Работы о теории. Статьи - стр. 39
Гинзбург соблюдает все меры предосторожности: предостерегает против ценностного уравнивания книг Платона или Достоевского с сочинением французского иезуита, подчеркивает, что в этом сочинении делается всего лишь «попытка» ввести «диалогическое измерение» в «монологическое по основной своей сути повествование». Остается, однако, невыясненным главное – и важнейшее – различие между текстом Легобьена и диалогическим словом, как его мыслил Бахтин: в «Истории Марианских островов» голос Другого (в данном случае непокорного туземца) лишь включен в синтагматическую развертку текста, ему там выделено определенное место – фрагмент прямой речи, соответствующий речам «дунайского крестьянина» из бродячего притчевого сюжета, с которым Гинзбург блестяще связывает генезис данного риторического пассажа в книге французского иезуита. Напротив того, в диалогическом слове по Бахтину – или в интертекстуальном слове по Ю. Кристевой, предложившей расширенную трактовку бахтинского диалогического принципа, – чужое слово накладывается на слово основного рассказчика, коэкстенсивно ему, звучит непосредственно в нем самом, благодаря жестам микроцитации, речевой оглядки, агрессии, иронии (в частности, сократовской) и т. д. Этот процесс взаимопроникновения двух дискурсов делает диалогическое слово неоднозначным и открытым для бесконечной реинтерпретации; Гинзбург же заменяет его гораздо более однозначным процессом торга-словопрения, где каждая сторона – и иезуиты-европейцы, и туземцы-мятежники – последовательно и отдельно заявляет свою правду. Единственный момент, где гладкая протяженность этой двуролевой риторики дает «трещину», связан, по мысли историка, не со взаимоналожением разных дискурсов, а с нечаянным вторжением в дискурс конкретной референциальности, материальной реальности – в данном случае это пересказанные автором-иезуитом слова дикаря о крысах, которых европейские корабли завезли на их острова:
Анализировать стратегии автора за защитной стеной единственного текста было бы в каком-то смысле успокоительным занятием. В такой перспективе говорить о реальности, располагающейся по ту сторону текста, было бы чисто позитивистским ухищрением. Однако в текстах бывают трещины. Из той трещины, которую я нашел, возникает нечто неожиданное – полчища крыс, которые разбрелись по свету, этакая оборотная сторона нашей «цивилизаторской миссии»[89].
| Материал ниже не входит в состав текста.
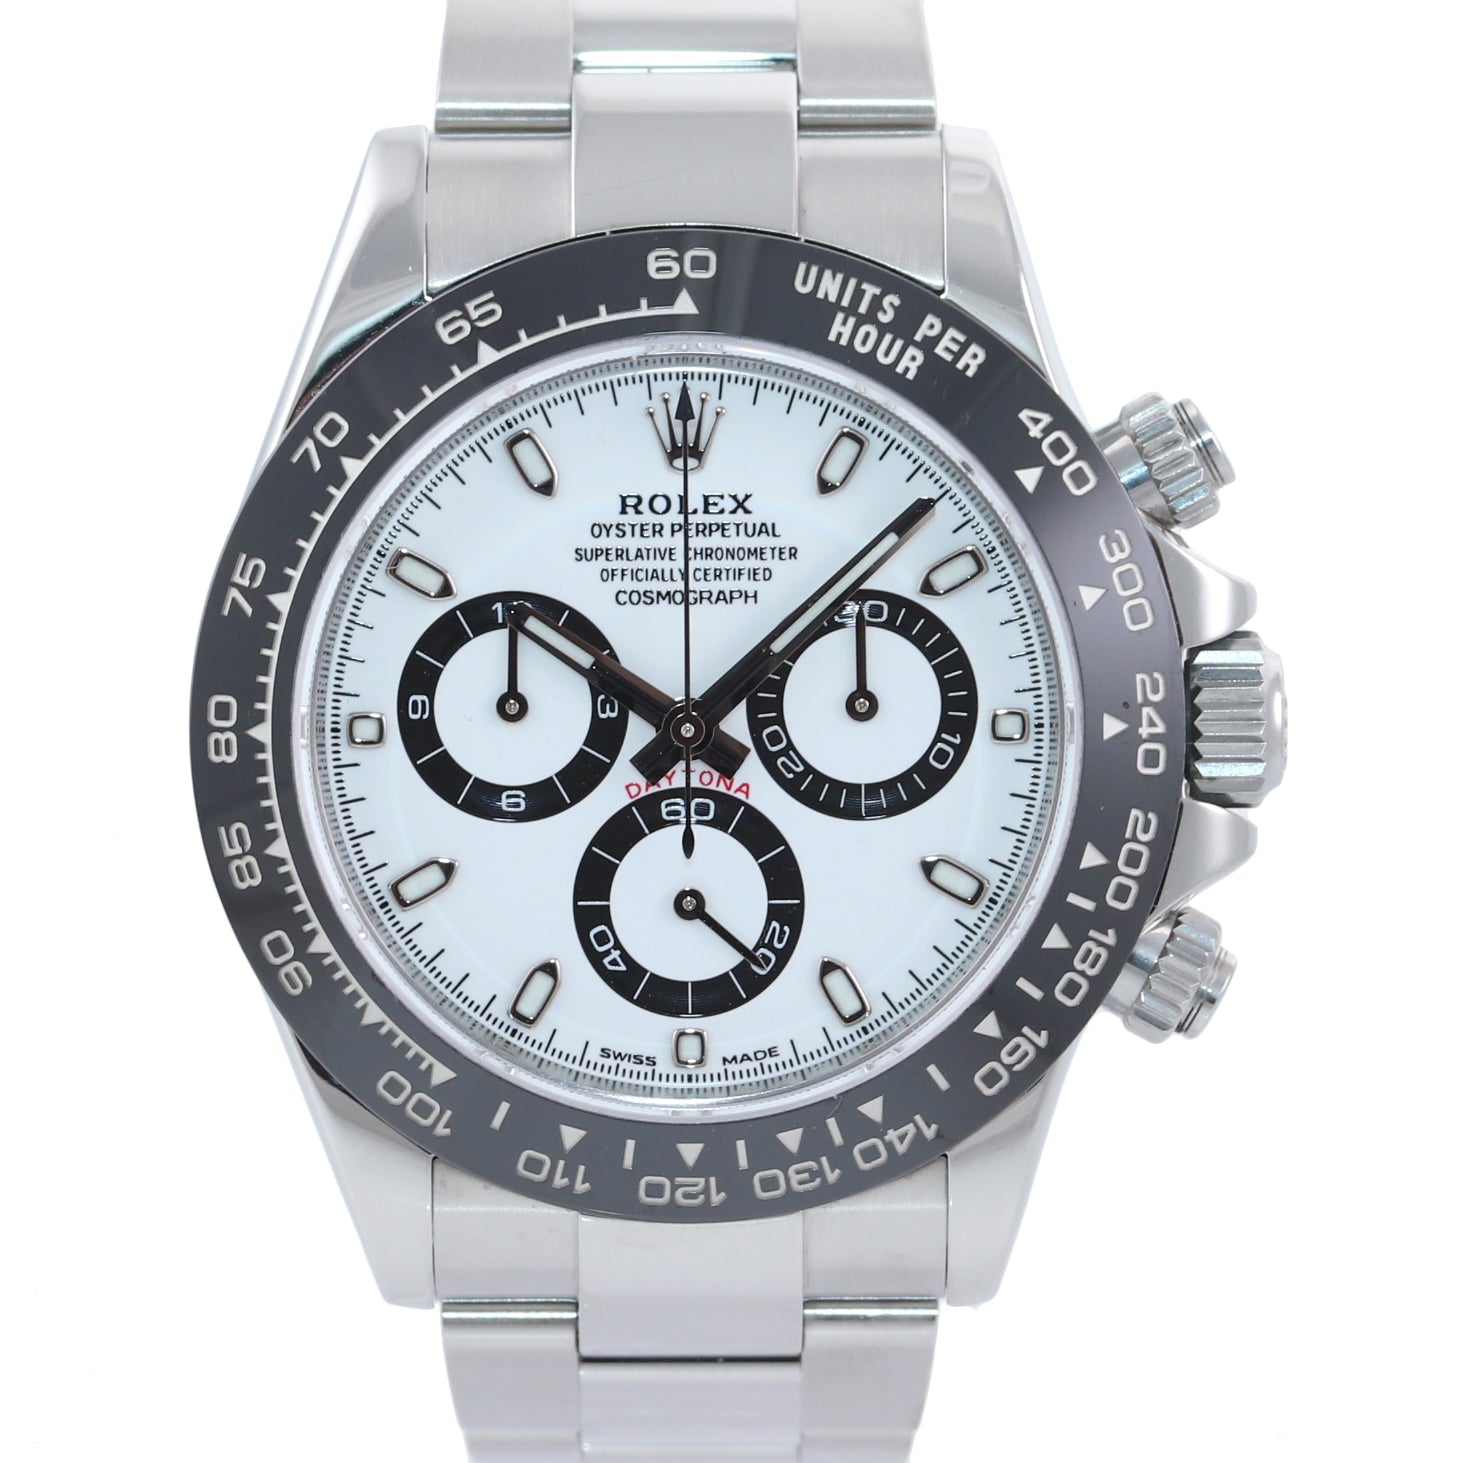 NEW 2019 PAPERS Rolex Daytona 116500LN White Ceramic Panda 40mm Steel Watch Box

Нет сомнения в доброй воле исследователя, стремящегося с помощью понятия диалога объяснить становление первоначальных понятий о культурной относительности. И все же симптоматична осуществленная им редукция: принимая без рефлексии непроходимую преграду между словом историка и словом исторических лиц, микроисторик тем более не слышит диалогических интенций в речи последних. Если при анализе речевых взаимодействий, протекающих на «низком» уровне вроде инквизиционного процесса над ведьмой или еретиком, схема «торгового» дискурса оказывается вполне адекватным объяснительным средством, то при выходе в «высокую» письменную культуру, будь то даже не самое выдающееся историческое сочинение XVIII века, она сразу же оказывается недостаточной, и исследователь пытается эклектически усложнить ее, объединив с бахтинской теорией диалогического слова.